她不知道的是,夜孤寒的眼神一直都沒有從她的身上移開。一絲迷茫,在他的眼中浮現。

這世界上怎麽會有這般相像的兩個人?無論是容貌,亦或是一顰一笑的姿態,還有給他的感覺,都是如此的相似。這讓他每次在看見黛嬌的時候,都會忍不住想起記憶中的那個“她”。

黃石老人看著忙碌中的她,若有所思地笑了笑,隨即便低下頭來,覆又將目光定格在了手中的書上。或者更嚴格地說,是定格在了封面標題旁的那灘汙漬上。

正如黛嬌所猜測的那樣,那是一灘血跡,而且正是從他妻子的口中吐出來的。

他蒼老的手緩緩地拂過封面,腦海中浮現出了過往的種種。他本來還想,等到想要對夜孤寒和黛嬌講述的時候,才回想起這段他最不願意回想起的過往的。

只不過,當他看到了夕霧的人頭,卻感覺到這些往事經過多年的沈澱,他也漸漸地釋然。

故事,總有時間講。

當他看著夜孤寒和黛嬌已經一切準備完畢,向他告辭離開過後,他也陷入了回憶之中。

事情,還要追溯到當年的醫術比試那一天。

當碧泉仙子流產再加上遭到毀容陷入昏迷之中,當時還被人稱作“黃石公子”的他,便抱著她來到了暫時居住的客棧之中。

他一時間顧不上已經死亡的孩子,直接為碧泉仙子把脈。

她的脈象混亂至極,在本就炎熱的環境下,黃泉公子的額頭上冒出了不少的汗水。但是當他明白碧泉仙子受的是什麽傷的時候,背後突然一陣發涼,一顆心更是沈到了谷底。

仿佛有一樣東西,從她的口中鉆入,然後順著食道進入胃中,硬生生地穿過胃之後,將子宮打出了一個洞,鉆入其中,致使胎兒流產……

這樣的傷情,先不說養傷極其困難,而且以後只怕是再也不能生育了。

碧泉仙子乃是在努力了許久之後才懷上孩子,這對於她來說不僅僅是身體上的沖擊,還有些精神上的折磨。

黃石公子看著還在昏迷中的碧泉仙子,眼中有對她的心疼,也有著對下毒之人的憤恨。
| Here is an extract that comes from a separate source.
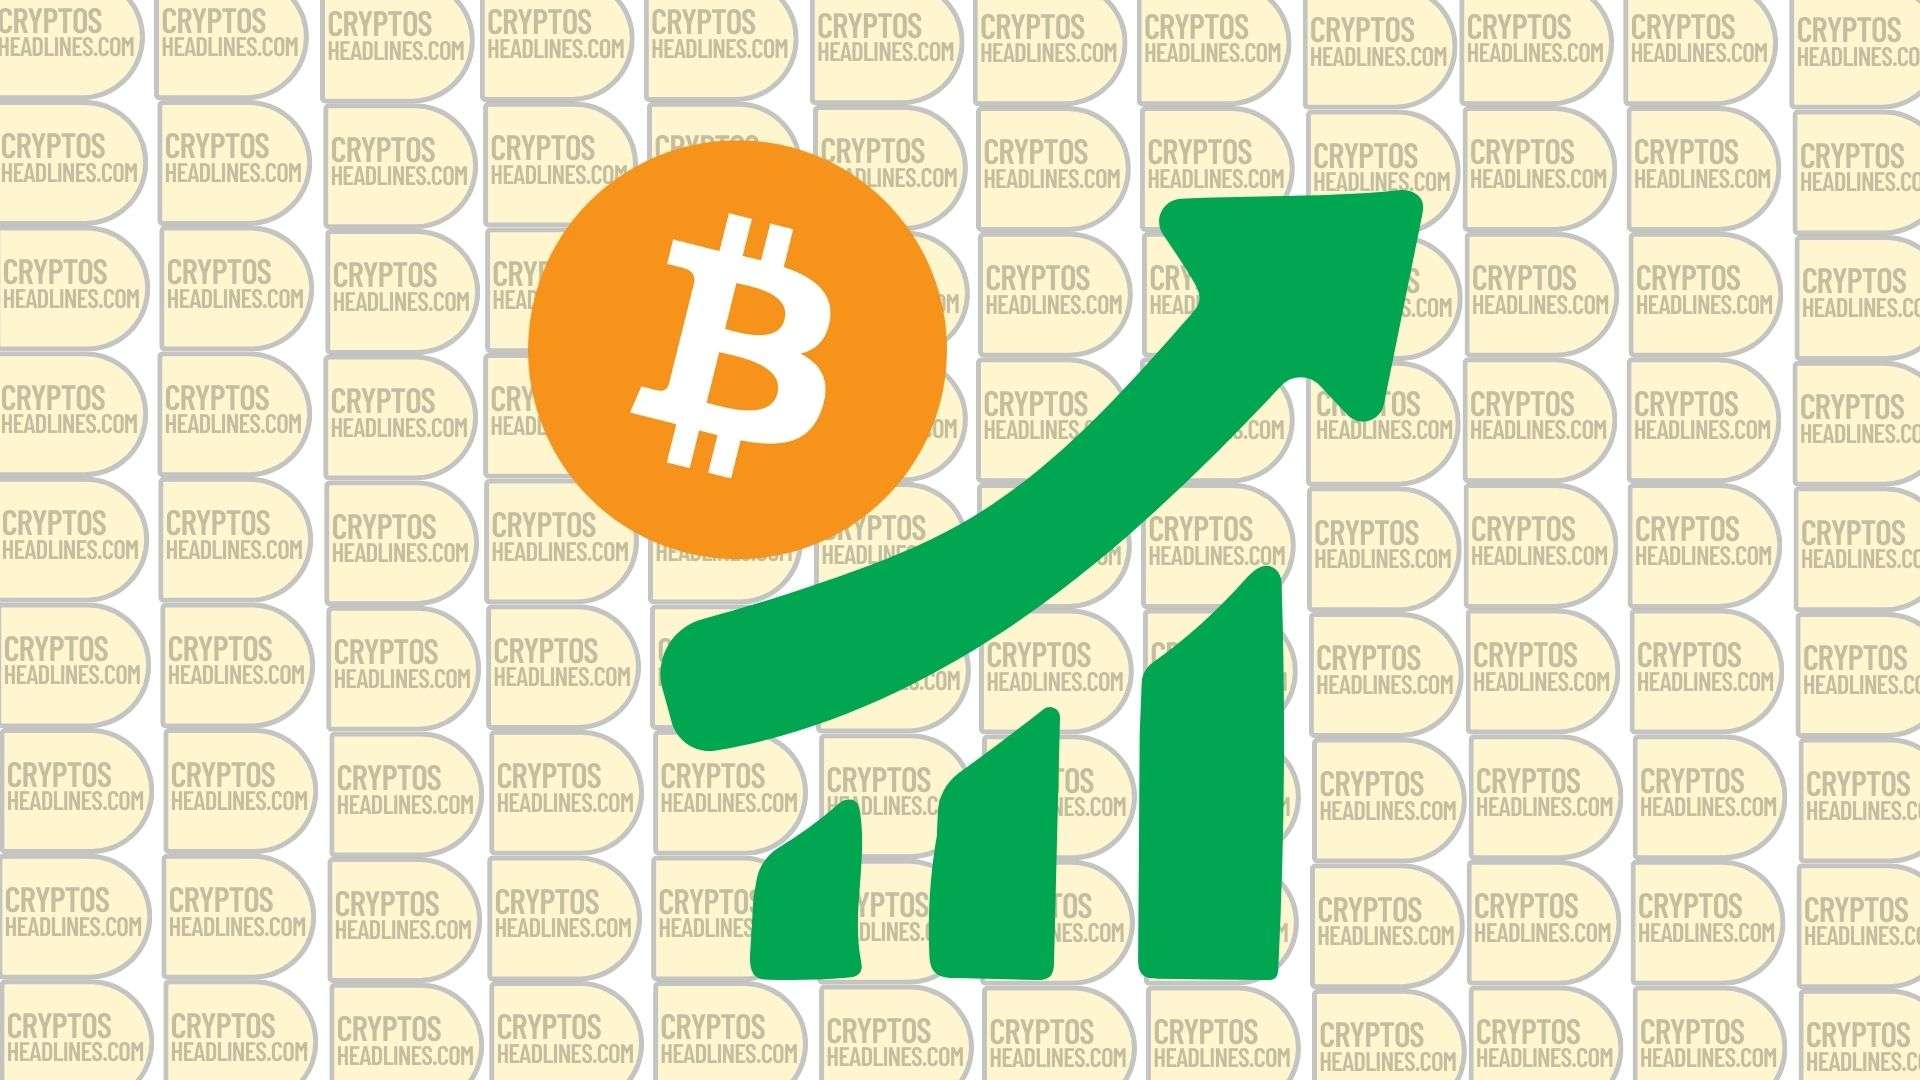 Can Bitcoin Surpass Its All-Time High Before April's Halving?

他在寫好了藥方,吩咐客棧中的小二趕緊去買來,開始為妻子處理臉上的傷口之時,有一個想法猛然間在他的腦海中浮現,讓他一時間甚至停下了手中的動作,而是看向了一旁的孩子。

孩子還蜷縮著,看起來小小的,已經能夠看得出來是一個男嬰,只可惜,還沒有來得及等到出生的那一刻,便已經丟失了性命。他赤裸的小身體上鮮血淋漓,若不是仔細看,是看不出脖子上還有一個小洞,正在往外汩汩流血的。
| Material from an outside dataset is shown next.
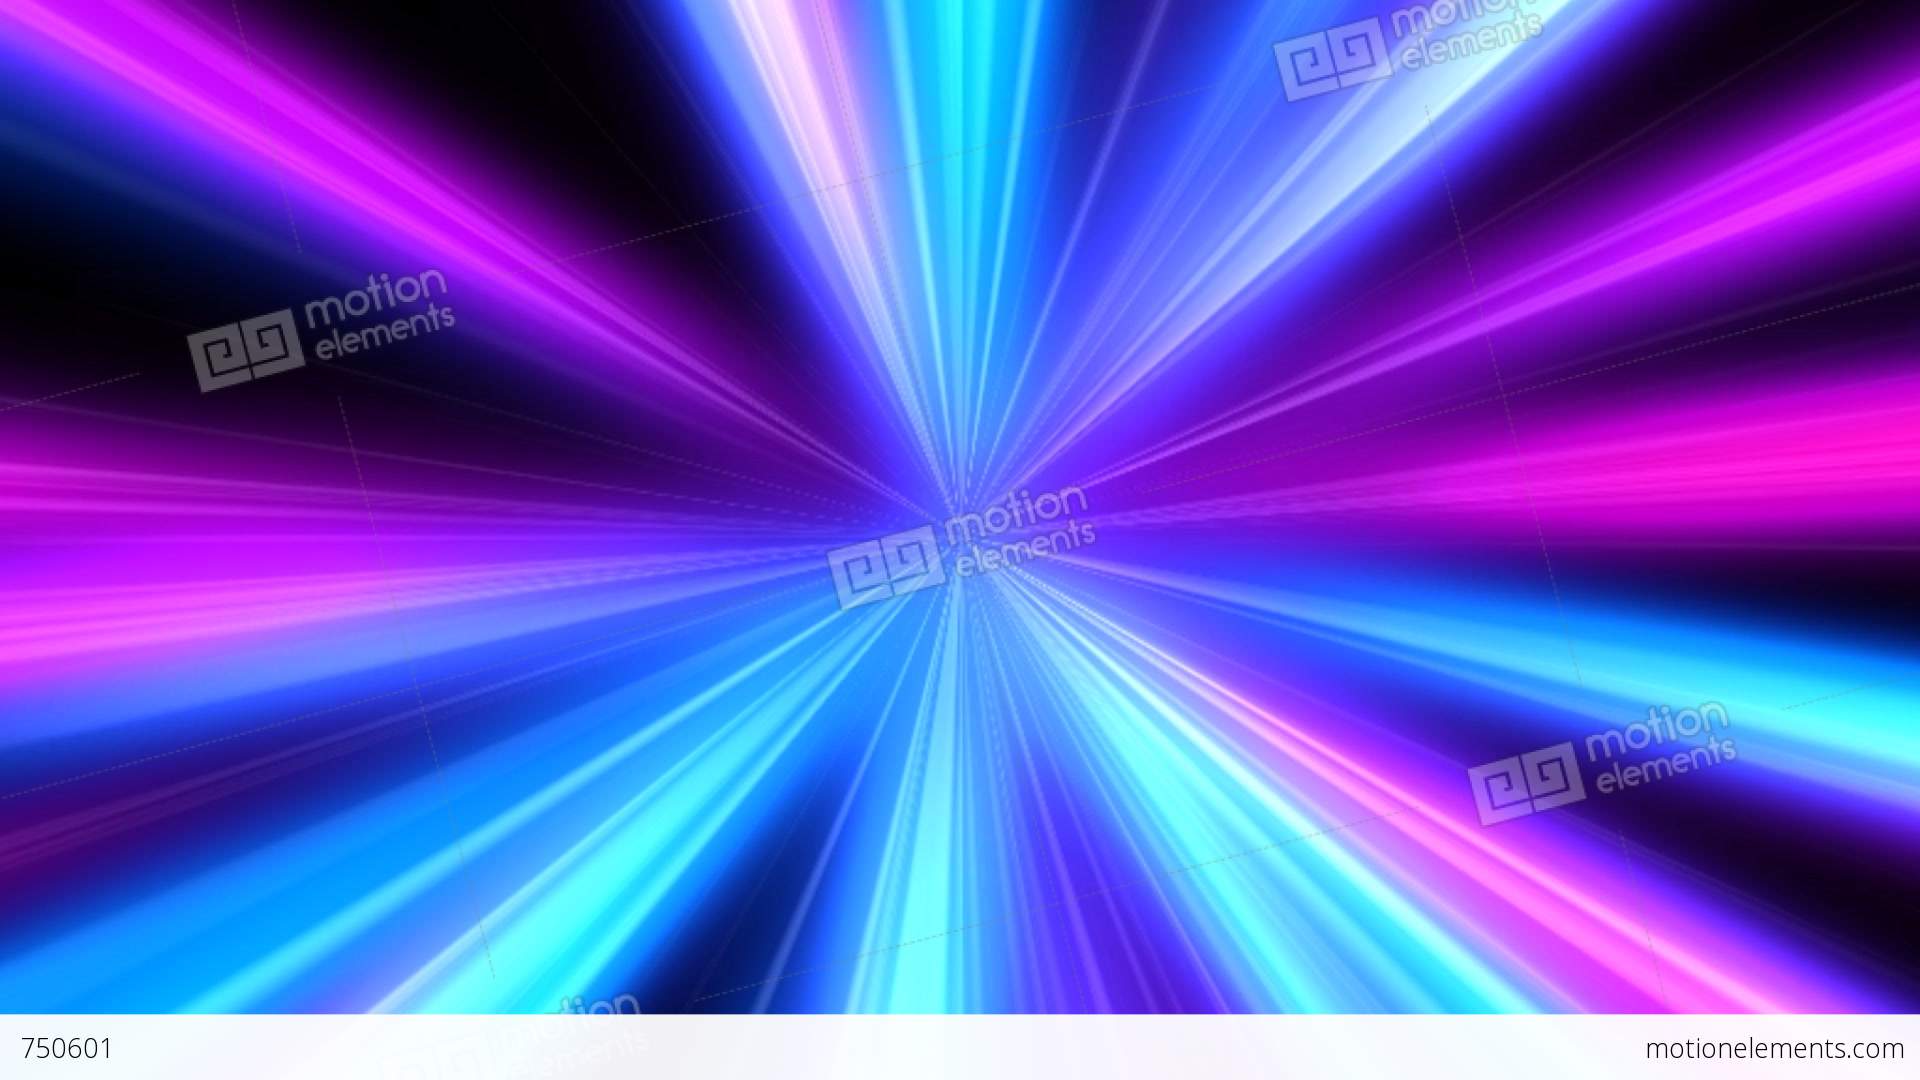 Disco Lights Background Pictures To Pin On Pinterest - Animated Disco Lights Background , HD Wallpaper & Backgrounds

這小小的洞口,卻印證了黃石公子的猜測。他精準而快速地為碧泉仙子處理了臉上的傷口,隨後便右手覆上了孩子的脖子,手上運起內力,嬰兒小小的身體便開始輕微地抖動起來。

行走於江湖,光有強橫的醫術自然不行,他的武功在江湖上雖然算不上頂尖,卻也不差。

約莫已經過去了半柱香的時間,他只感覺到手掌心有一陣濕意傳來,便立刻將自己的手掌撤開。就在他剛剛拿手背擦了擦額頭上的汗的空隙,一道血紅色的影子,卻成了一條弧線在他的面前劃過,掉落在地板上,發出輕微的聲響。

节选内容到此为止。